Zvec Logo

Inverted Index

An inverted index is a data structure used to store and organize information for efficient value-based search and retrieval.

It is widely used in database systems, search engines, and analytics platforms to accelerate filtering operations and keyword matching.

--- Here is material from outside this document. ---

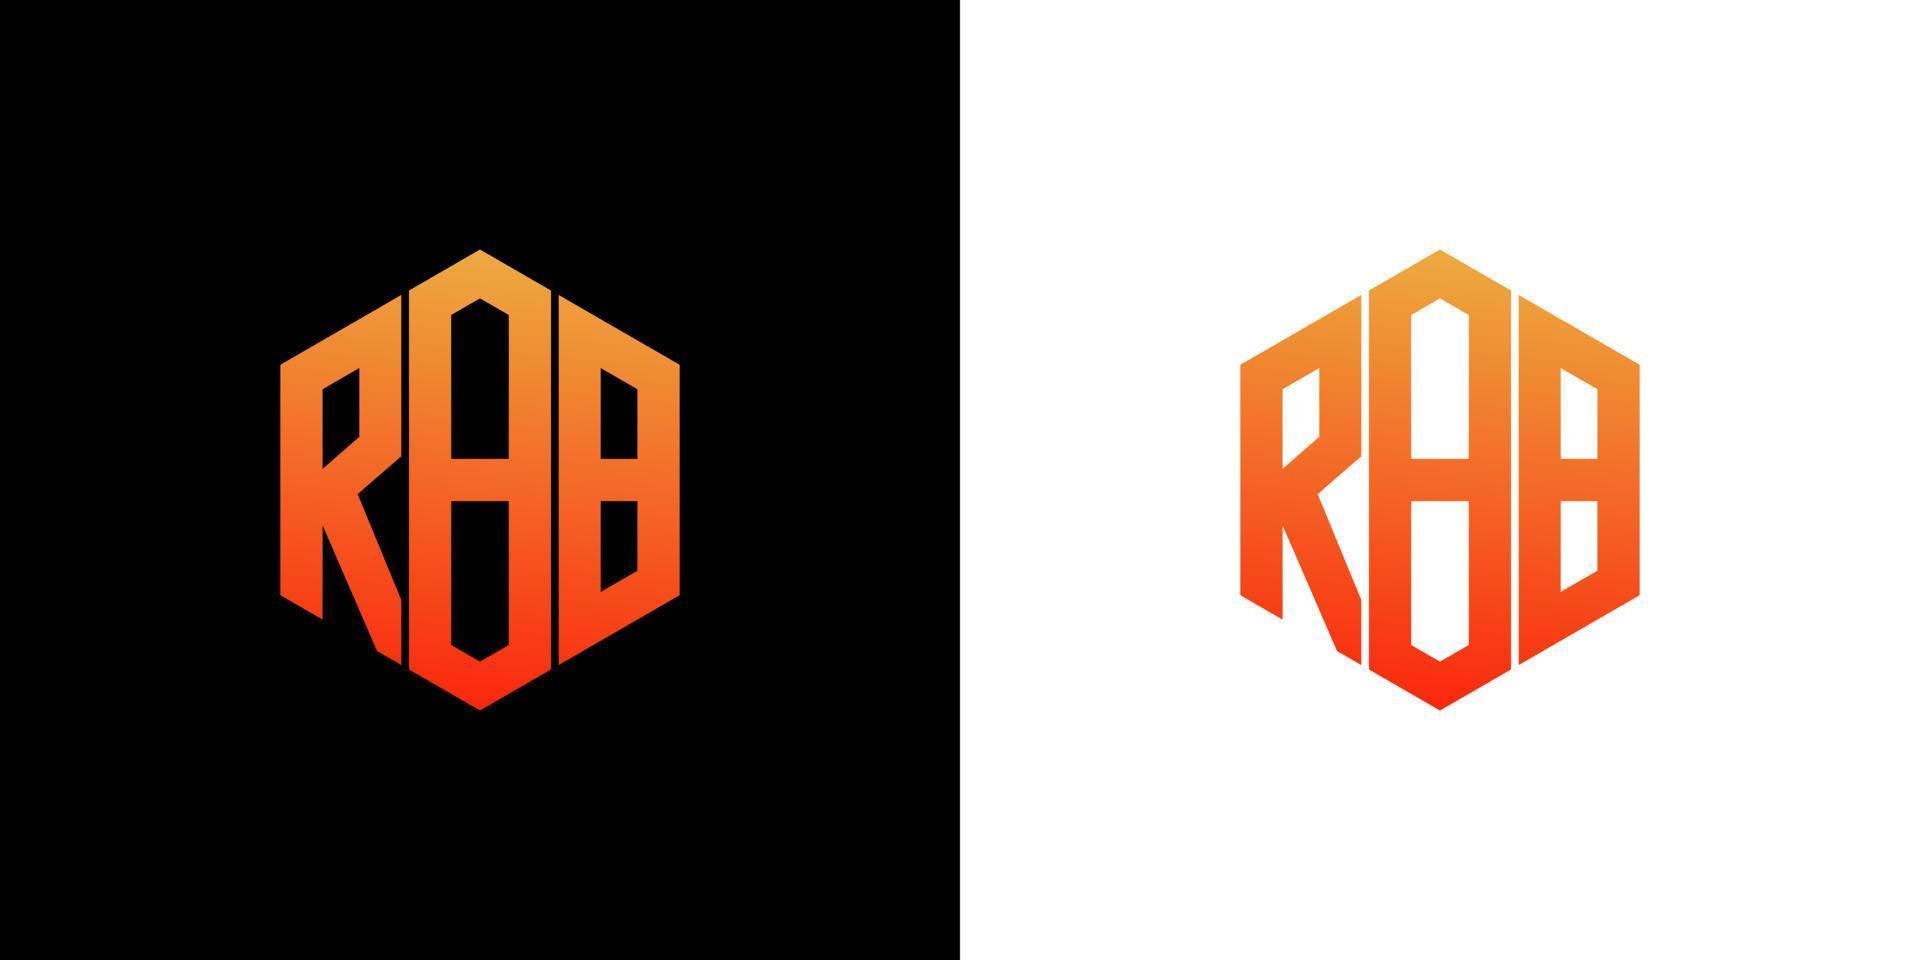 rbb brief logo ontwerp veelhoek monogram vector pictogrammalplaatje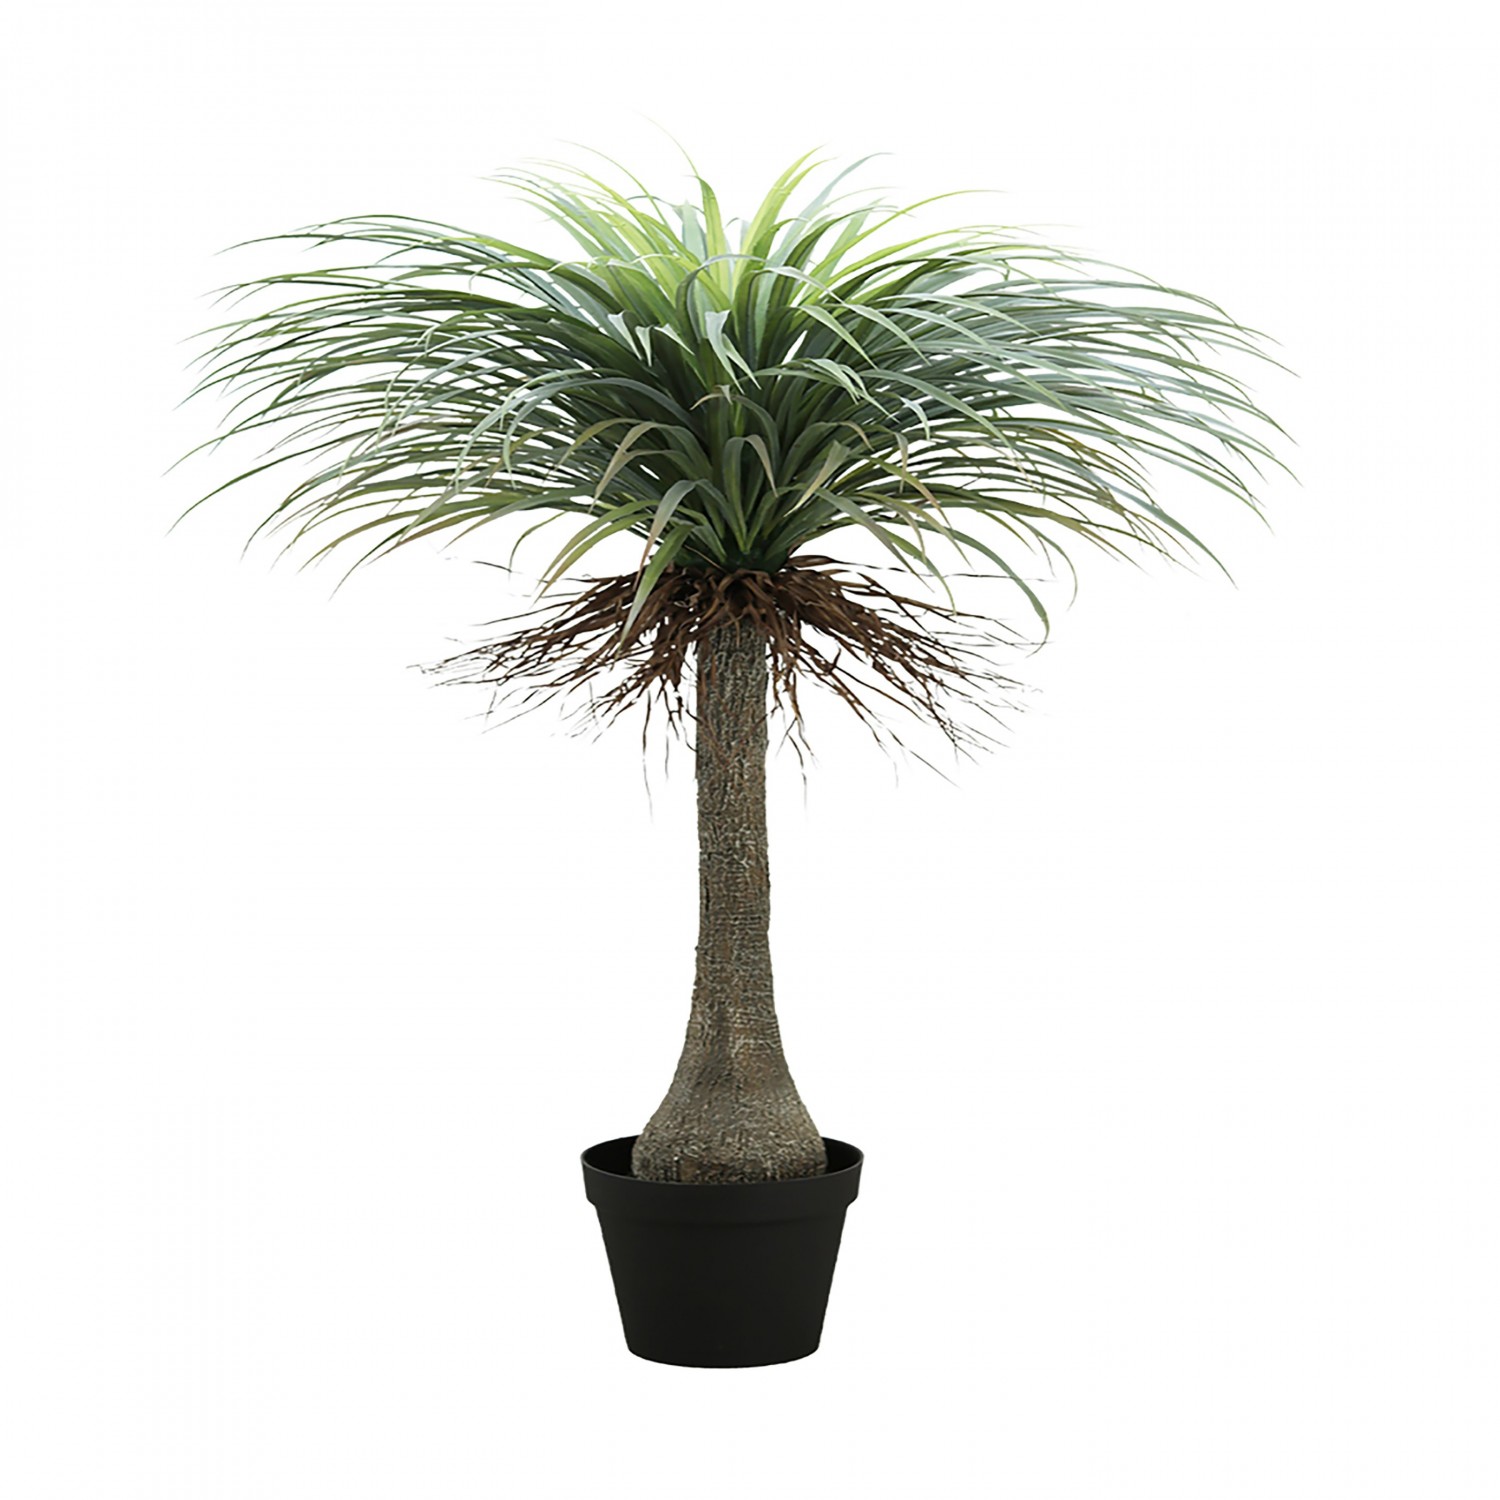 Yucca palmier feuillage artificiel 150cm

When to Use an Inverted Index

Use an inverted index when your workload involves frequent lookups based on specific field values. It excels in scenarios such as:

  • ✅ Exact-value filtering:
    • status = "active"
    • category IN ("electronics", "books")
  • ✅ Range queries:
    • age > 25
  • ✅ Text pattern matching:
    • Starts with: product_name LIKE "Wireless%"
    • Ends with: email LIKE "%@engineering.company.com"
  • ✅ Array or set membership queries:
    • Contains any: tags CONTAIN_ANY ["sport", "music"]
    • Contains all: permissions CONTAIN_ALL ["read", "write"]

How Does It Work?

Imagine you're organizing a collection of recipes. Each recipe is a document with structured fields cuisine, author, and url.

Doc IDCuisineAuthorURL
1ItalianJulia Chenhttps://cooking.com/italian-pasta-carbonara
2ThaiLiam Tranhttps://cooking.com/thai-basil-42
3MexicanElena Gomezhttps://cooking.com/mexican-pork-chicken-65
4ItalianMarco Rossihttps://cooking.com/italian-pizza-37
5ItalianMarco Rossihttps://cooking.com/italian-pasta-20
6ChineseJulia Chenhttps://cooking.com/chinese-spicy-hot-pot

A regular (or "forward") view asks:

What values does document #1 contain? → Cuisine: Italian, Author: Julia Chen

But an inverted index flips this around. Instead, it answers:

Which documents contain the value Italian? → [1, 4, 5]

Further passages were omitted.